Book Review: The Real Housewives of the Bible by Theresa V. Wilson
Author: Theresa V. Wilson
Genre: Biblical Fiction
Publisher: Writers in the Marketplace Press
With a title like The Real Housewives of the Bible, this book could have gone real wrong, real quick. But, thankfully, it didn’t. And it was a 5-star read. I literally saw it on FB and immediately went to Kindle and downloaded it thanks to Kindle Unlimited. Less than 3 1/2 hours later, I was finished and felt like I just finished watching a movie. It was filled with twists and turns and turned these Bible characters into real-life people (I mean, I know they are real, but we tend to not think of them that way because they lived so long ago). Reading these Bible stories, you tend to miss the humanity of the people we read about. But Theresa found a way to tell their stories as if they were living today while still keeping them in the biblical context and times. It was amazing, and a couple of days later, I am still awestruck by how well the writing was and how she was able to transport me into the actual stories.
The book is broken up into 4 Housewives stories. You get the story of Bathsheba with Uriah and King David. And man on man, does this story keep you on your toes. It is scandalous! Even more so than what we assume from what we get from the actual Bible. Then you have Rebekah and Isaac, which probably was my least favorite storyline. When you compare it to the other three, at least. Then you have Rachel, Leah, and Jacob. Again another pretty scandalous story just from what we get from the Bible, but then Theresa adds this layer onto it where we get to see inside the head of these three while they are put into this situation by the girl’s father. The final story is Gomer and Hosea. This story had the opportunity to be trashy because…you know…Gomer was a prostitute. But again, the way Theresa spins the narrative without compromising the biblical truth is mindblowing.

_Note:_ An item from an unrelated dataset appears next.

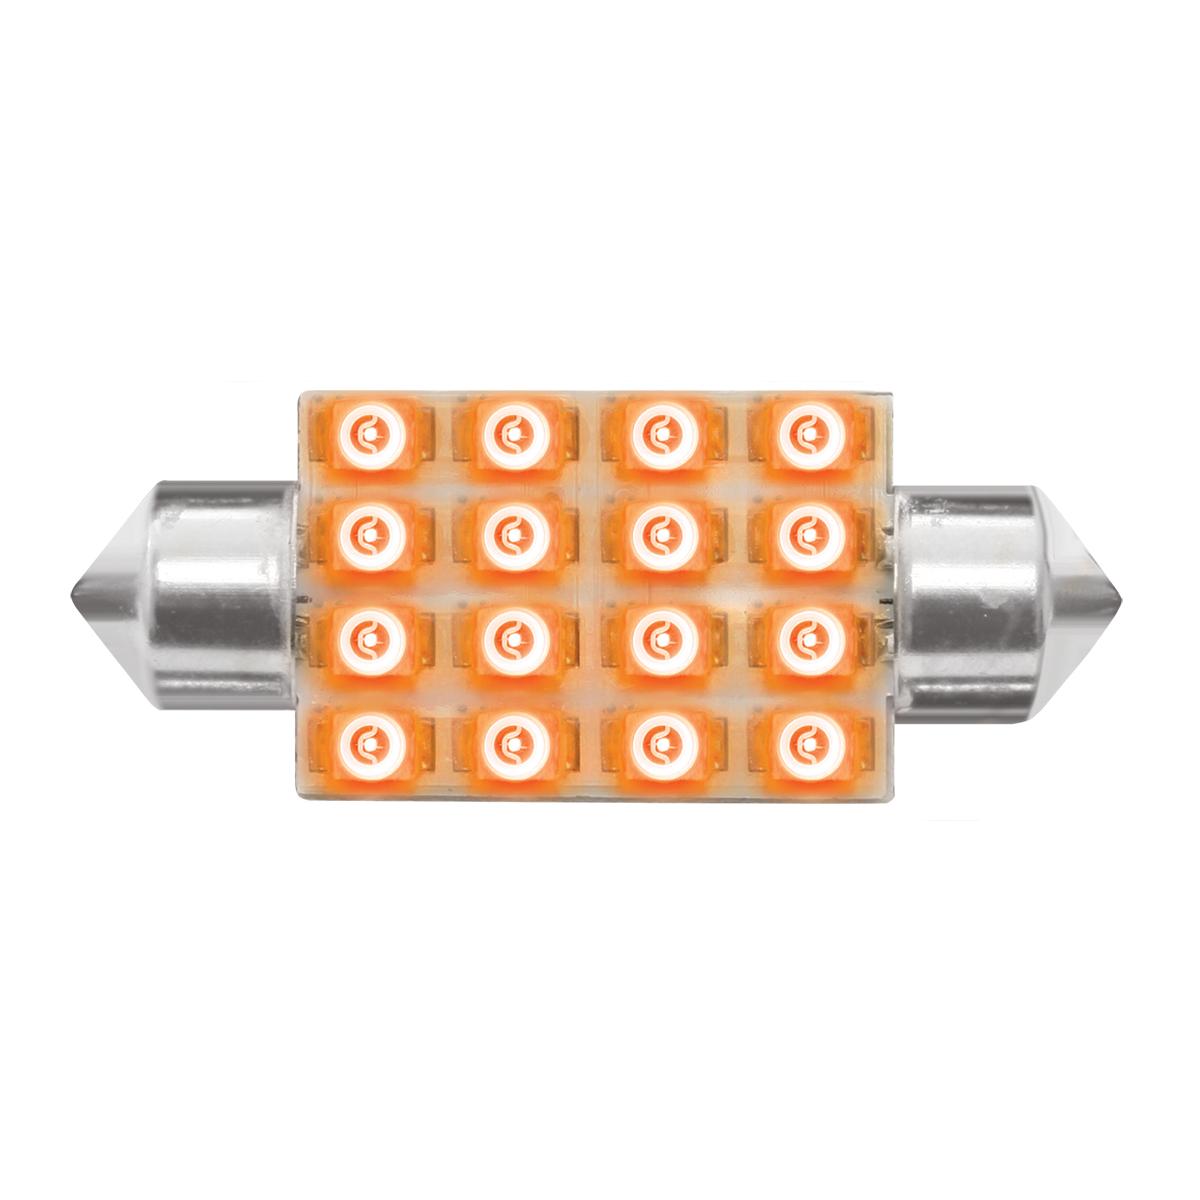 76100 Amber 211-2 Dome Type 16 LED Light Bulb
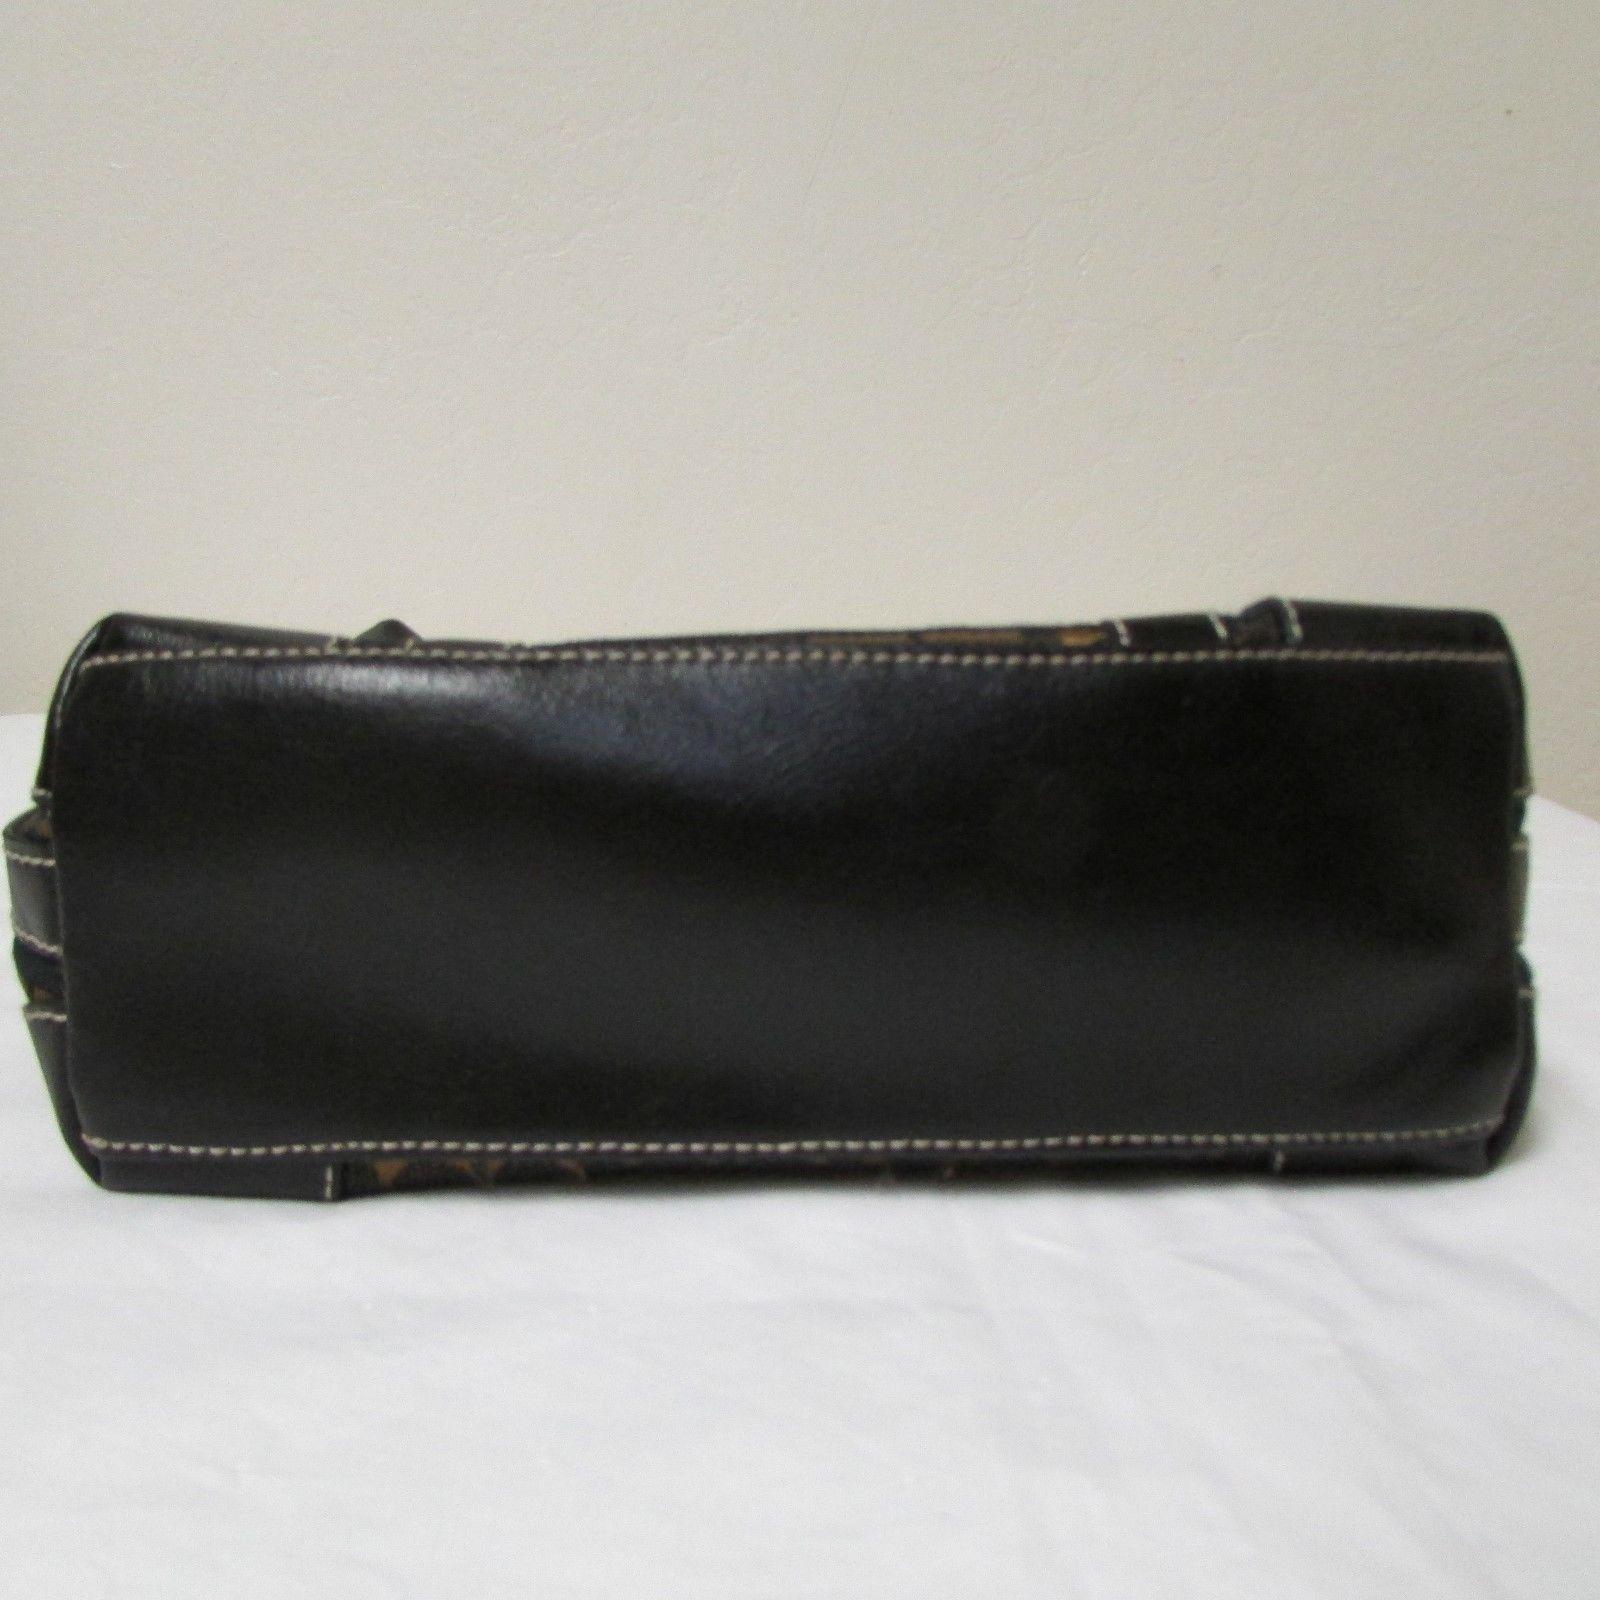 Vintage Liz Claiborne Black With Brown And Gold Fabric Shoulder Handbag Sz S image 4

This was probably the story I was least familiar with, but I walked away, fully understanding how their relationship represents God and the people of Israel.
After each story, she gives a bit of commentary that helps you dive deeper into the background that she used to create the stories, which I appreciated. Again, this book was…it left me speechless. Lol. How many times can I say good, mindblowing, awesome? Hands down, this has been my favorite book this year over 125 books so far! It is well-deserving of the 5-stars I gave it.